**Task goal:**
Tell me how many lines in the entries below contain the word "Stock"; reply with the number and nothing else.

Records excerpted from a collection:
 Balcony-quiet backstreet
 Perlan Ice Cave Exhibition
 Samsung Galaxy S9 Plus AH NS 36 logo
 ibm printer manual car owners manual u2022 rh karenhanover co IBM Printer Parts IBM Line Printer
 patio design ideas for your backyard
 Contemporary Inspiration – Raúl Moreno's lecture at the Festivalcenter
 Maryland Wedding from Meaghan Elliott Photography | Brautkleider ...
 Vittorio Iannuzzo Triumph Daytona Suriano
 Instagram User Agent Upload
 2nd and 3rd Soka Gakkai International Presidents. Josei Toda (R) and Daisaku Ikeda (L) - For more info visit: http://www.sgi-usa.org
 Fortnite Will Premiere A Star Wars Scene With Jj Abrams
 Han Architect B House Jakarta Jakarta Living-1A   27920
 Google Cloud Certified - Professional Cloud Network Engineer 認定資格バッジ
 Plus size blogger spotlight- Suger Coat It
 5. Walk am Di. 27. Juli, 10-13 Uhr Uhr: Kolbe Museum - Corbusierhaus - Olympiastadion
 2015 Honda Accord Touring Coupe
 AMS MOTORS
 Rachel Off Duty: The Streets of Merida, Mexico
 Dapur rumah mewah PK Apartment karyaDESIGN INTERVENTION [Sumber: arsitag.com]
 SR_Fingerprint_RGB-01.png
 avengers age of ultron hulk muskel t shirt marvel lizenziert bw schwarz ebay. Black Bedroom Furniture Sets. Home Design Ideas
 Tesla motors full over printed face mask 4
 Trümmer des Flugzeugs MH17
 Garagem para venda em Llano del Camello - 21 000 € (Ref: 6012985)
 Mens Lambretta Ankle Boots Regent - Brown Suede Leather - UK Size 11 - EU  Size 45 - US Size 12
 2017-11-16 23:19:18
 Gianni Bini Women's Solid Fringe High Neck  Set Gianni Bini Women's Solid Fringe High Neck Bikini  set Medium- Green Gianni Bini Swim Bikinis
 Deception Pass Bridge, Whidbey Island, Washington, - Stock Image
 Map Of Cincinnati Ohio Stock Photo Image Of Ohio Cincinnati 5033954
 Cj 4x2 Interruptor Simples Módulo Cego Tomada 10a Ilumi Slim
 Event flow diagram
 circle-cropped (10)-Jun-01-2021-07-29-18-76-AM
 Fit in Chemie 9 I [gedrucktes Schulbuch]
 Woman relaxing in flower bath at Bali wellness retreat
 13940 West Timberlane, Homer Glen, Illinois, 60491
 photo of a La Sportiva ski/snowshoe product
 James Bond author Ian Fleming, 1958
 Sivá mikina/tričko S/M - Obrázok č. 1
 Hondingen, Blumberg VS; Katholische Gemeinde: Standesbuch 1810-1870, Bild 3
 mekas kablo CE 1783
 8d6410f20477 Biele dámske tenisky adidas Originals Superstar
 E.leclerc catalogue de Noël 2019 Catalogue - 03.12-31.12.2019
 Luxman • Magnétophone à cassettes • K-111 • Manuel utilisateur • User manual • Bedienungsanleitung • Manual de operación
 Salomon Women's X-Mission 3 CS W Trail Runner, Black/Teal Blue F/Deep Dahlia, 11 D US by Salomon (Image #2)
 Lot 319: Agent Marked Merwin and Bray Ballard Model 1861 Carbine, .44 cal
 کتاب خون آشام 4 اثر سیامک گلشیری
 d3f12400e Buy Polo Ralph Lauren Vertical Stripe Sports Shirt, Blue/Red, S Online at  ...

**Answer to the problem:**
2